§ Entries provided

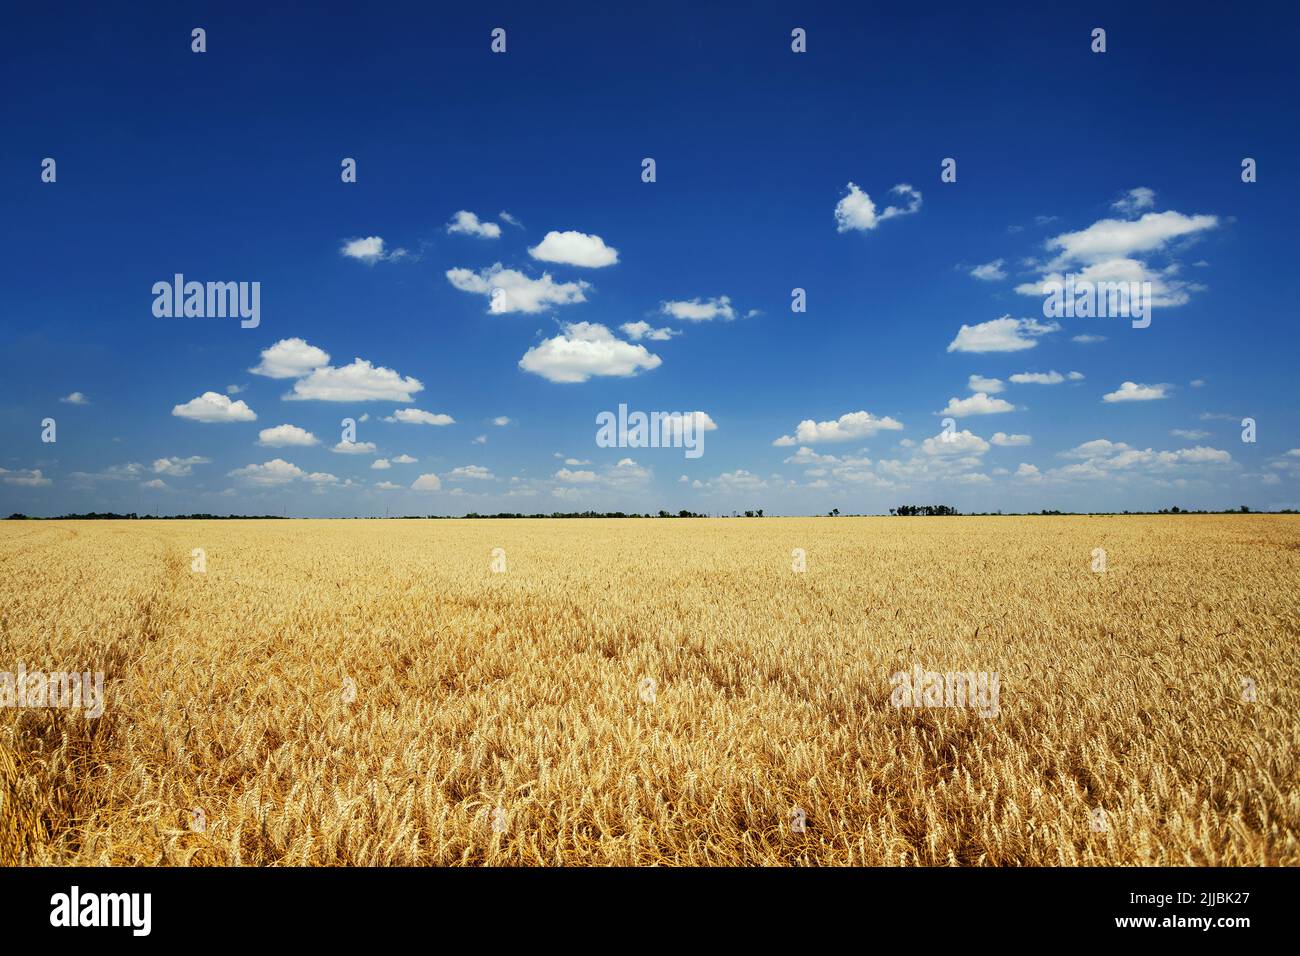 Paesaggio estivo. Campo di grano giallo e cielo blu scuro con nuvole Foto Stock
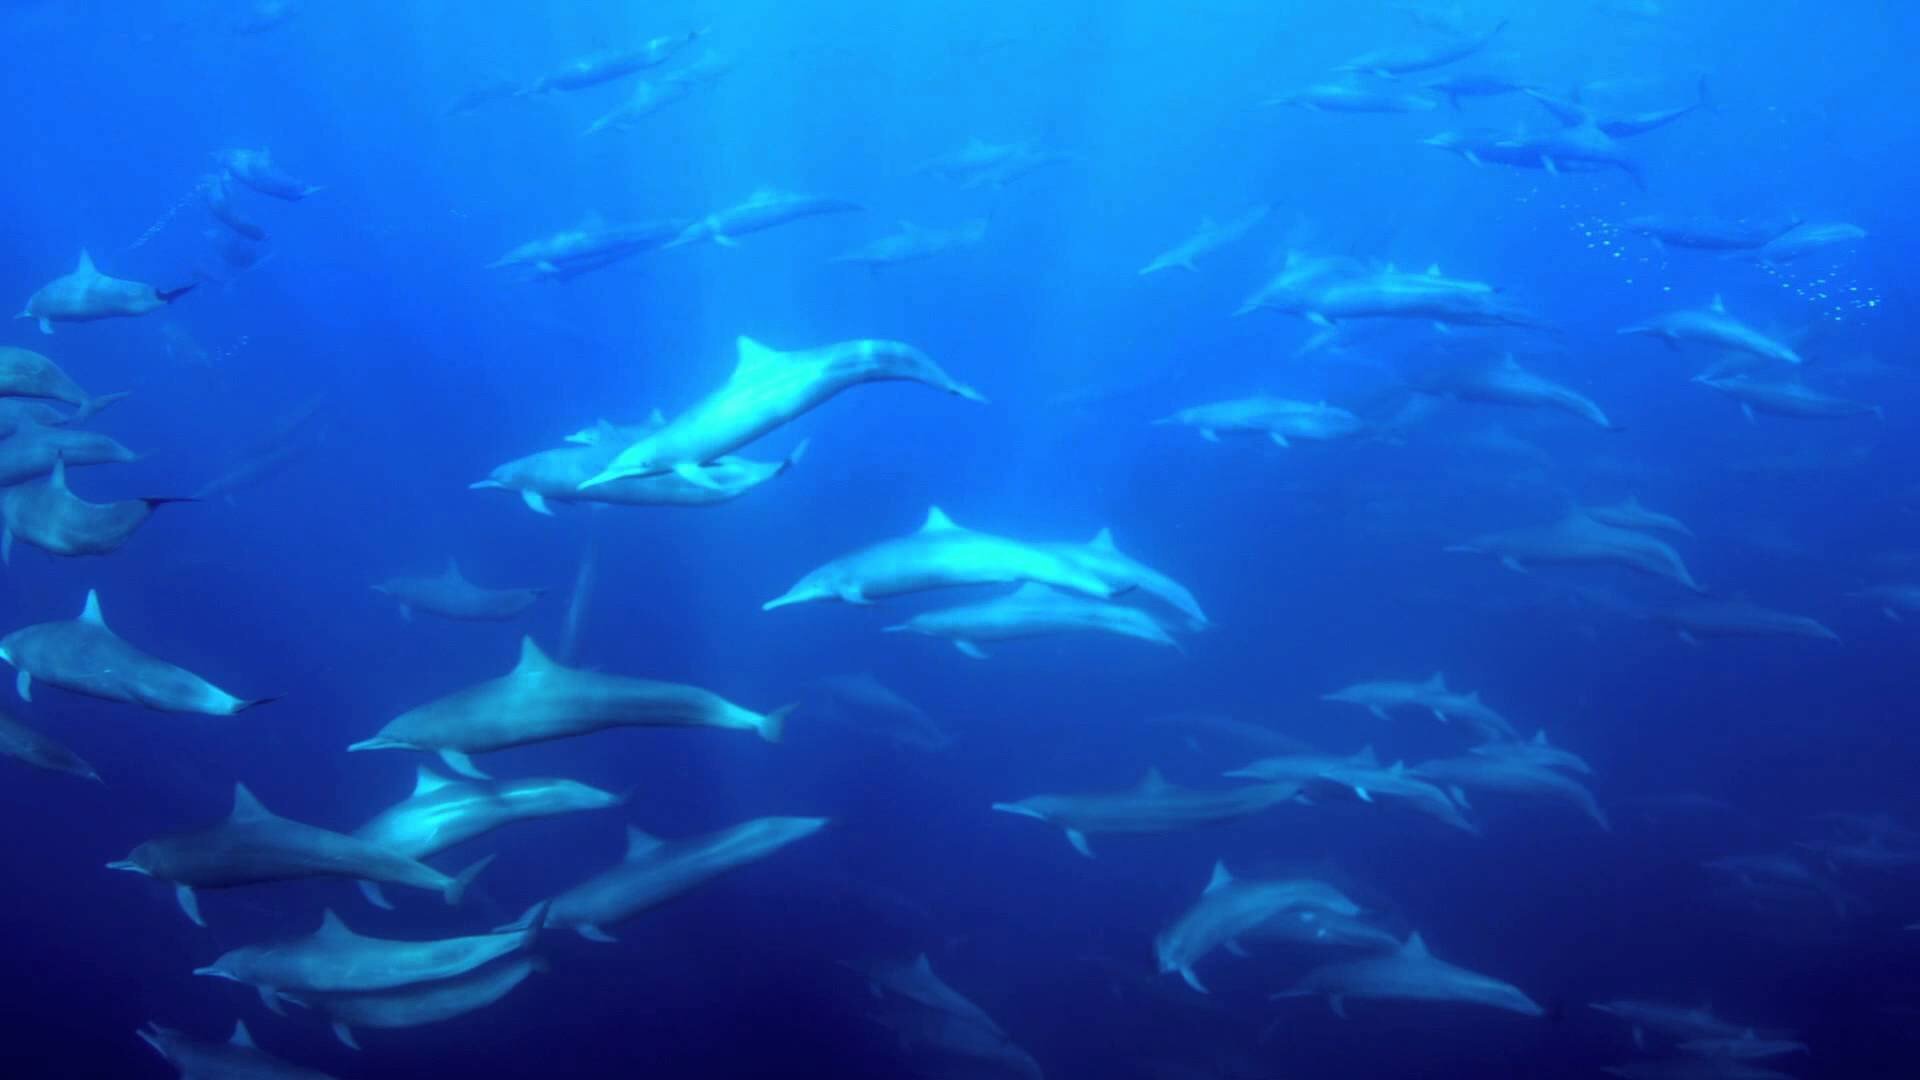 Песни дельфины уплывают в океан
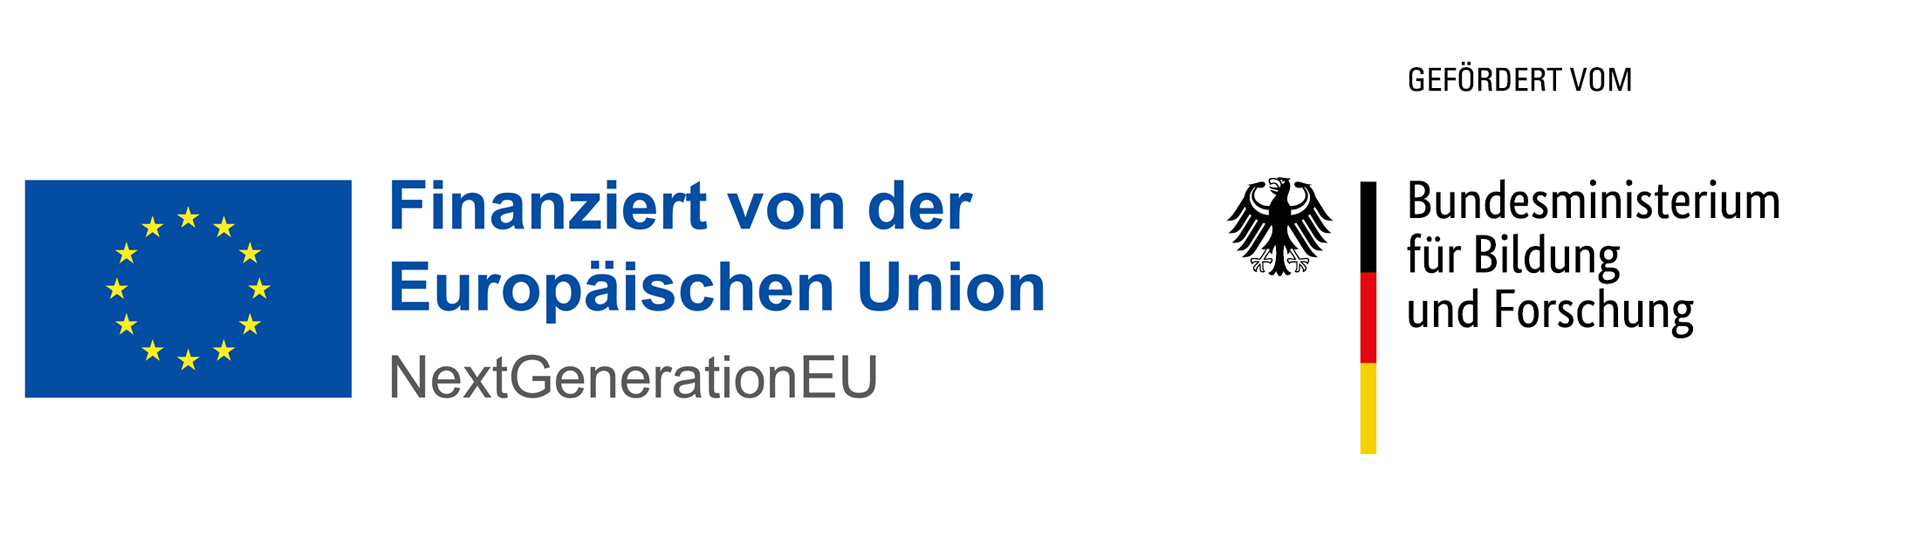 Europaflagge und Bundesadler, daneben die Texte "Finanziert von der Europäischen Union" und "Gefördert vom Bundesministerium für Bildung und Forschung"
* * *
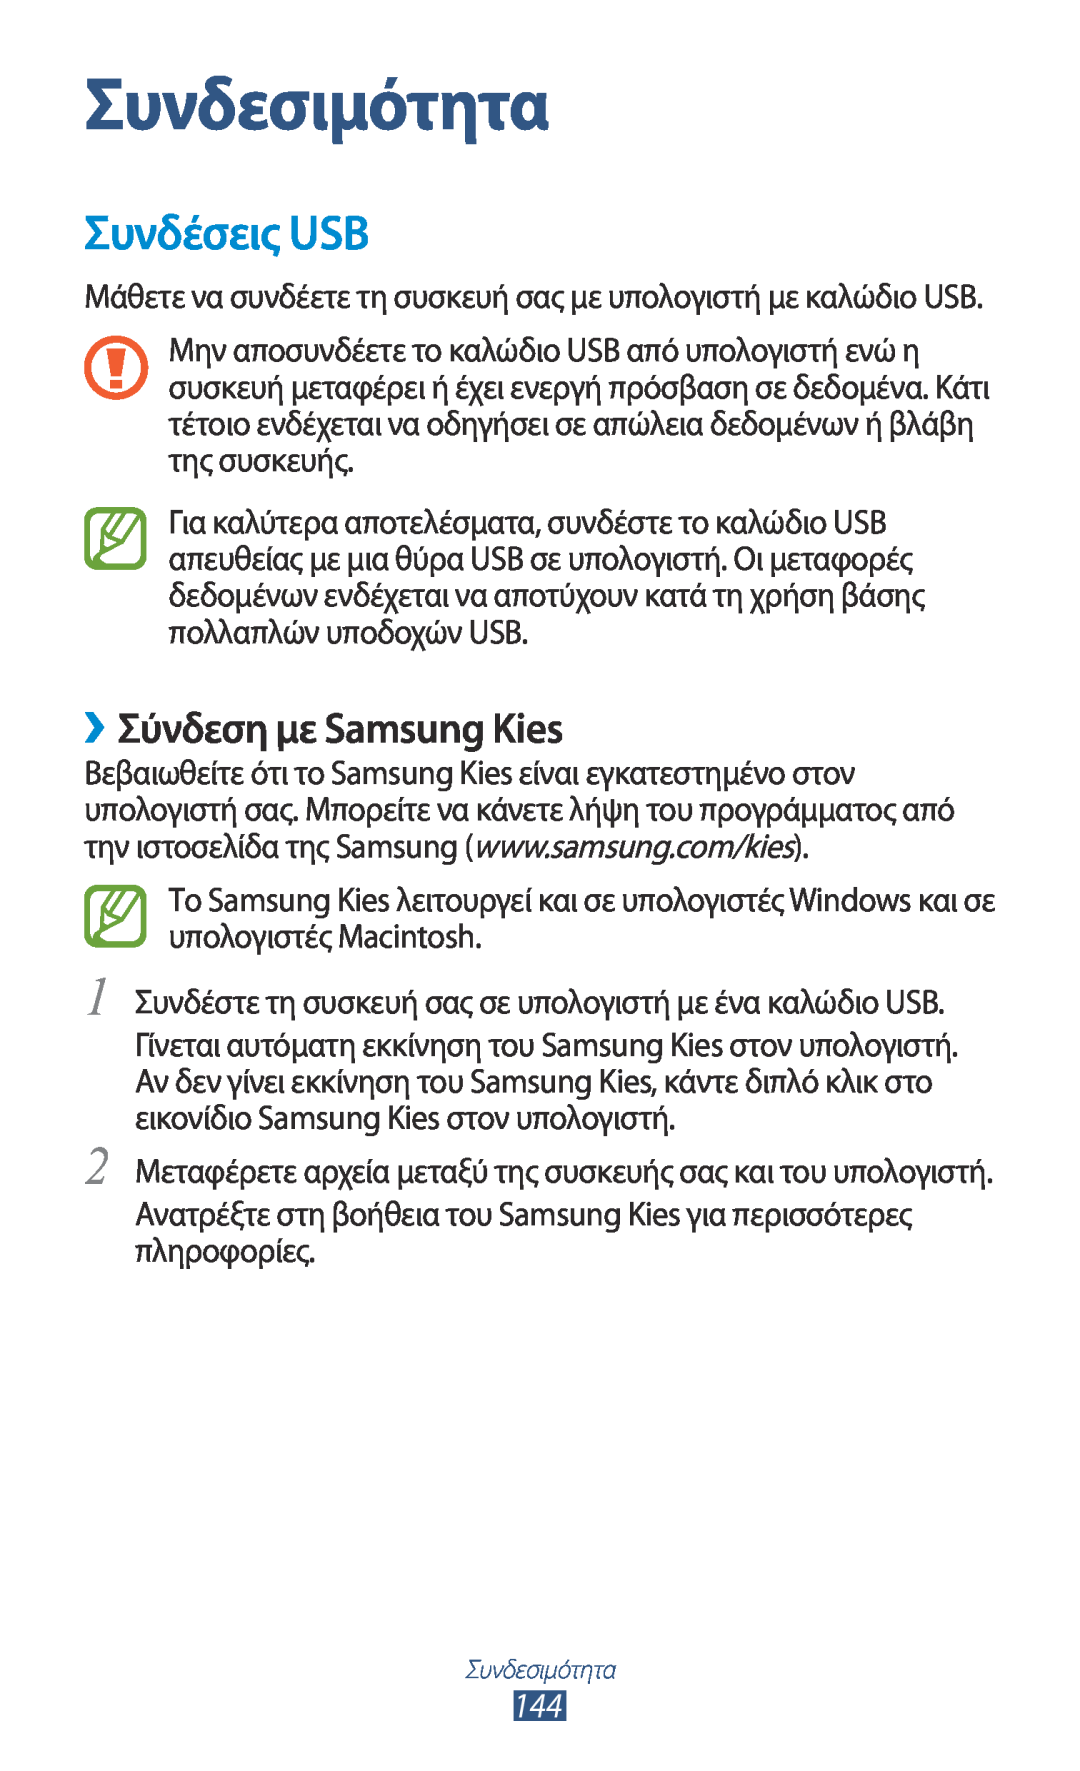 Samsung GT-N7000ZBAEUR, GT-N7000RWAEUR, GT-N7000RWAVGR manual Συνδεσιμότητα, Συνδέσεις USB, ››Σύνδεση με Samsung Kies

§ Your task
Give back exactly, and solely, the section of the data above bounded by the line containing "Paesaggio estivo. Campo" and the line containing "Europaflagge und Bundesadler, daneben", both bounding lines included and pictures omitted.

§ Solution for this task
 Paesaggio estivo. Campo di grano giallo e cielo blu scuro con nuvole Foto Stock
 Песни дельфины уплывают в океан
 Europaflagge und Bundesadler, daneben die Texte "Finanziert von der Europäischen Union" und "Gefördert vom Bundesministerium für Bildung und Forschung"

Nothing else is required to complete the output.